To eliminate the tilt, each sub-eye channel should be compensated. Figure 2(h) shows the compensation method for the tilt. We define the angle between the central ray and the sub-eye’s optical axis as the tilt angle t, and the angle between the sub-eye’s optical axis and the system’s optical axis as the pitch angle $\varphi$. The length between the entrance pupil and the center of the heterogeneous compound eye array is defined as the Pupil-Center distance (DPC), which is a function of the pitch angle $\varphi$ and is denoted as $DPC(\varphi )$. Then, the tilt angle of any sub-eye channel can be expressed by:

(9)$$t(\varphi ) = \frac{{r + DPC(\varphi )\textrm{ }\cdot \textrm{ }\cos \varphi }}{{\sqrt {{r^2} + DPC{{(\varphi )}^2} + 2rDPC(\varphi )\textrm{ }\cdot \textrm{ }\cos \varphi } }}\textrm{ },$$

where r is the radius of the first imaging surface. By rotating each sub-eye at an angle of $- t(\varphi )$ around point N (Intersection of the sub-eye’s optical axis and the central ray) in the plane determined by the sub-eye’s optical axis and the system’s optical axis to ensure the DPC equal to 0, compensation for tilt can be accomplished.

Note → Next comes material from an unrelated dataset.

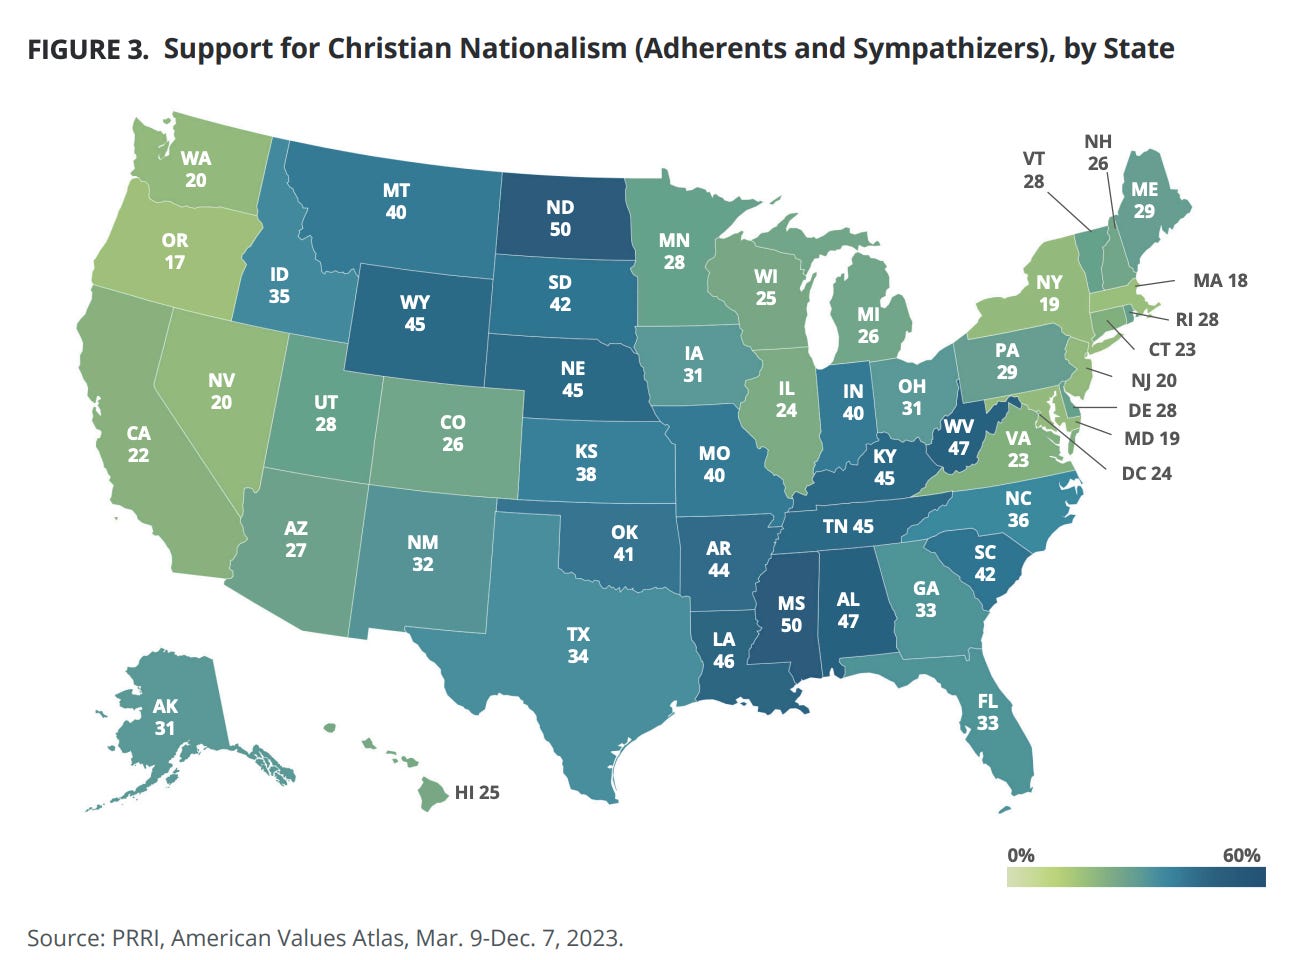 Heat map of the United States showing support for Christian nationalism by state

We have fitted a curve of the tilt angle t about the pitch angle $\varphi$, as shown in Fig. 2(i). When $\varphi$ is less than 20°, the increase of t is basically linear with a slope of 0.224. Then the growth rate slows down and a maximum tilt angle of 9.152° is obtained at the pitch angle of 56.8°. Thus, the tilt exists to varying degrees in all but the central sub-eye channel, and are more pronounced at the edge. Furthermore, due to the fact that the optical relay system is a single aperture fisheye lens with an inherently decreased image quality in its external FOV, compensation for tilt becomes much more necessary.

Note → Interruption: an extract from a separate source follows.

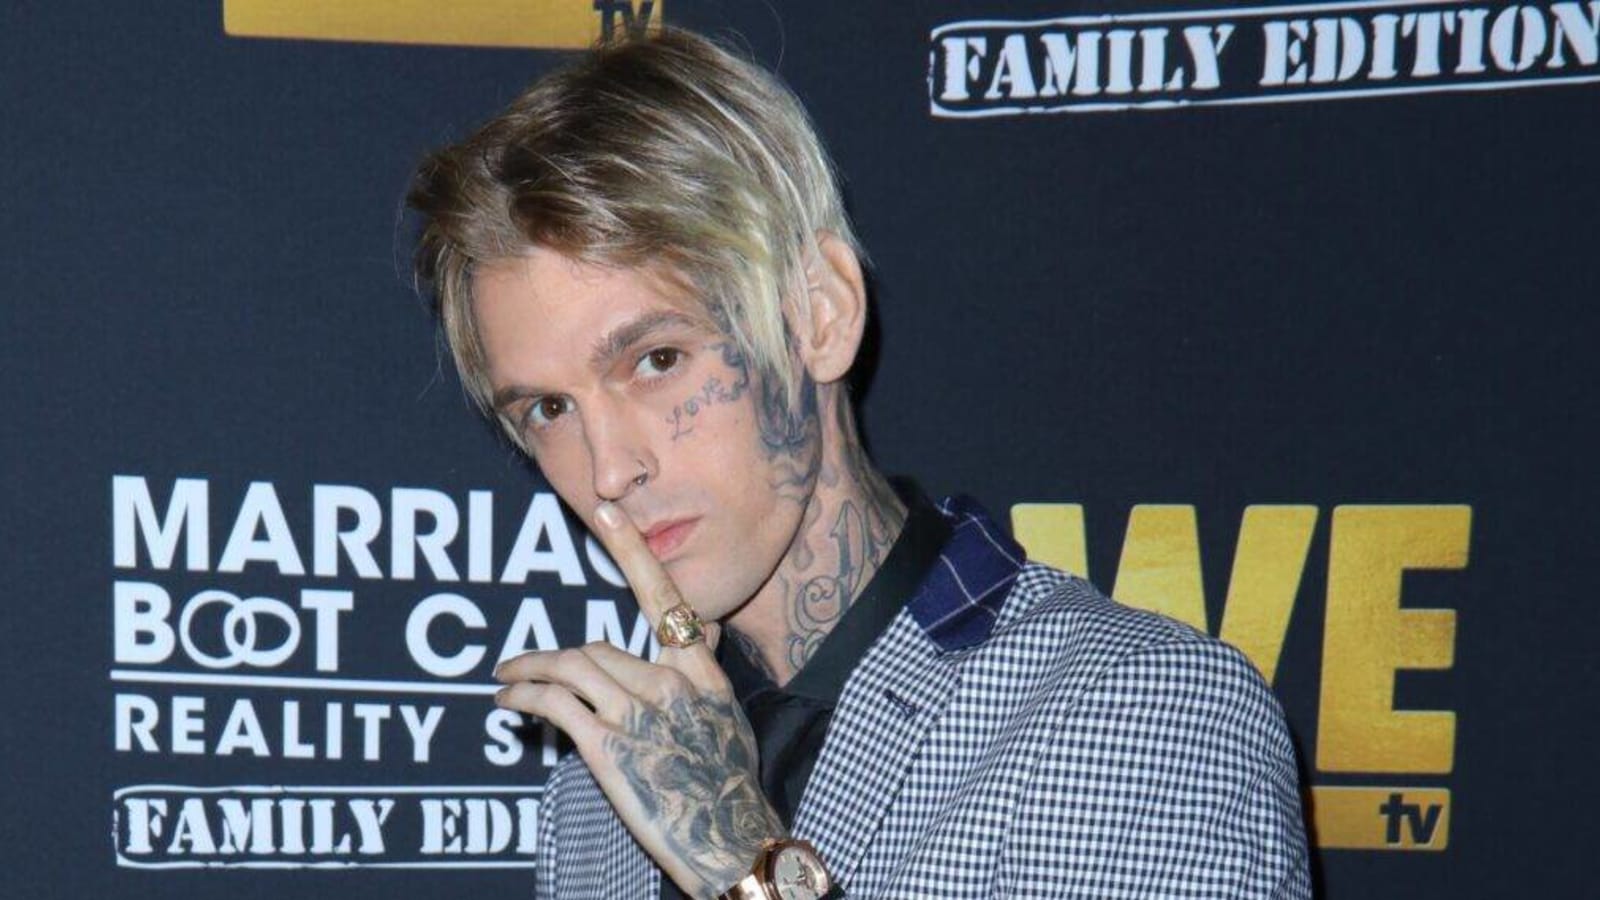 Aaron Carter's cause of death revealed

4. Optimization of the optical architecture and fabrication of the prototype

According to the above compensation method for tilt, the optical architecture of the HeCECam has been optimized. Figure 3 shows the ray path of the optimized HeCECam, including four WA sub-eye channels and six HD sub-eye channels. The partial enlarged views of the WA and HD sub-eyes are respectively shown at the top and bottom of Fig. 3.

Fig. 3. Optical design results of the optimized HeCECam.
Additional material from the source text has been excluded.